The 100% success rate of Doppler interrogation during dobutamine infusion in this study may not reflect daily practice; thus, when Doppler data are not available, a dobutamine hemodynamic study in the catheterization laboratory is also safe and effective.4 The lack of significant benefit of valve replacement on long-term survival in group II may be due to the relatively small number of patients in this group; therefore, we have insisted on the trend toward a benefit of valve surgery in this group. A limitation of our study is that patients were not randomized for treatment and that therapeutic decisions were made by the referring physicians, who had knowledge of dobutamine stress hemodynamic data. Our opinion is that randomization of such patients would be unethical considering their dismal spontaneous prognosis. Furthermore, in our study, the proportion of operated patients was comparable in both groups; this confirms that for the majority of physicians, the prognostic value of dobutamine stress hemodynamics is not yet fully established.
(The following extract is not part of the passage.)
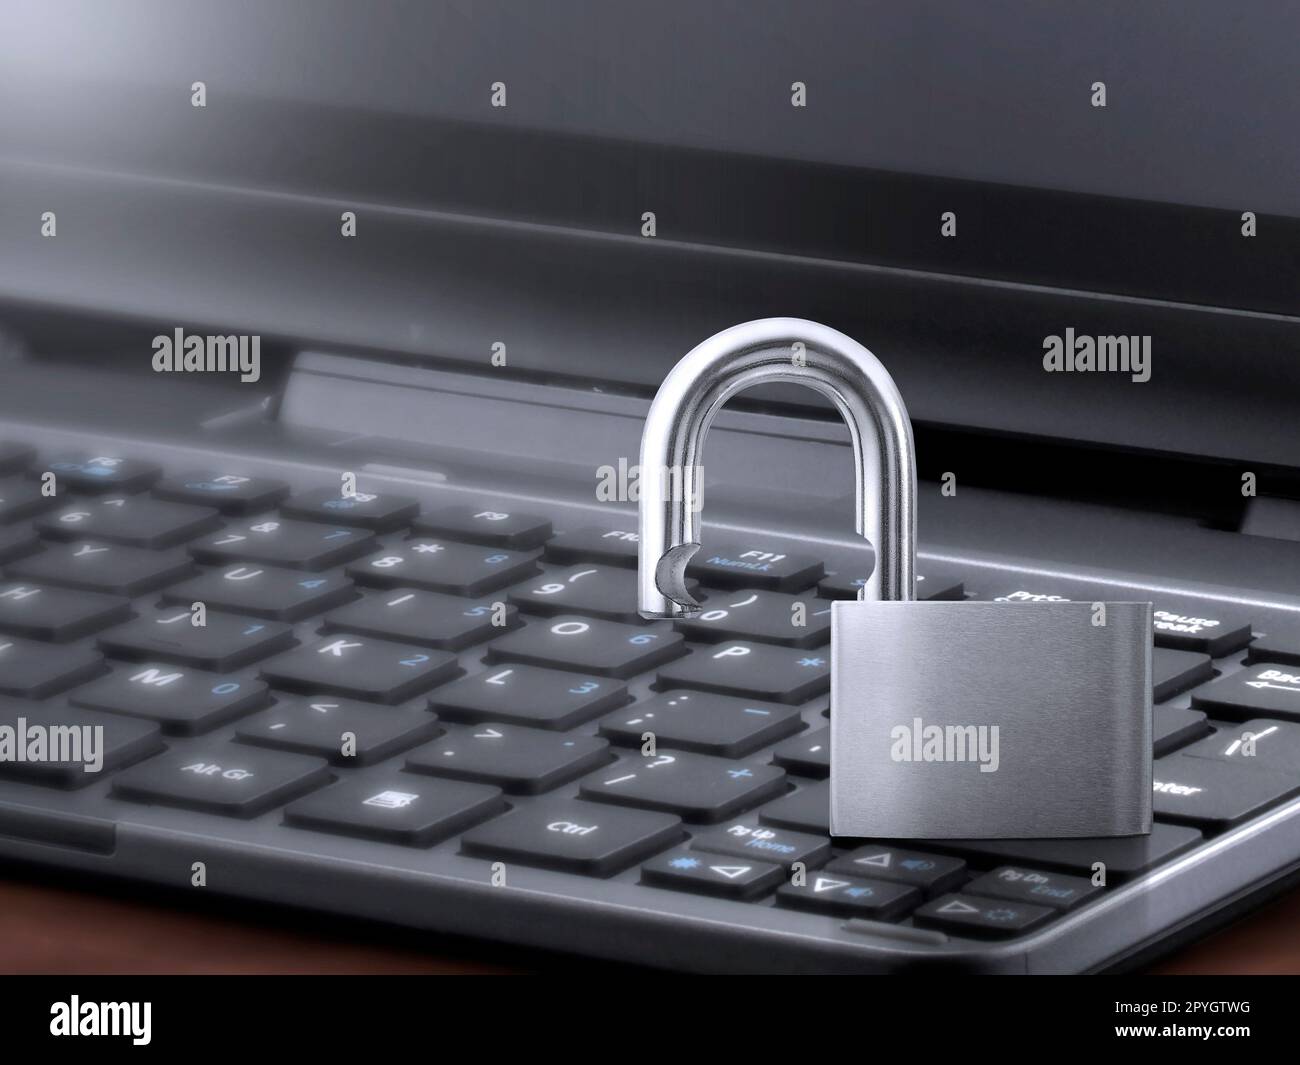 Computer security concept. Unlocked padlock on laptop keyboard. Stock Photo

This first multicenter study confirms the prognostic value of dobutamine stress hemodynamics for operative risk stratification and long-term outcome in the setting of low-gradient AS. Our results confirm that patients with a contractile reserve have an acceptable operative risk and that valve replacement may improve long-term survival and functional status in most cases; thus, surgery may be recommended in most of these patients. In contrast, despite a trend toward better survival after valve replacement, the outcome of patients without reserve is compromised by high operative mortality, especially in those with a baseline MPG ≤20 mm Hg or associated coronary artery disease. Therefore, individual patients should not be denied the potential benefits of valve surgery on the basis of the absence of contractile reserve alone; however, we suggest that this important parameter should be considered, in addition to other risk factors, in the risk-benefit analysis for each patient.
This study was supported in part by a grant from the Fédération Française de Cardiologie.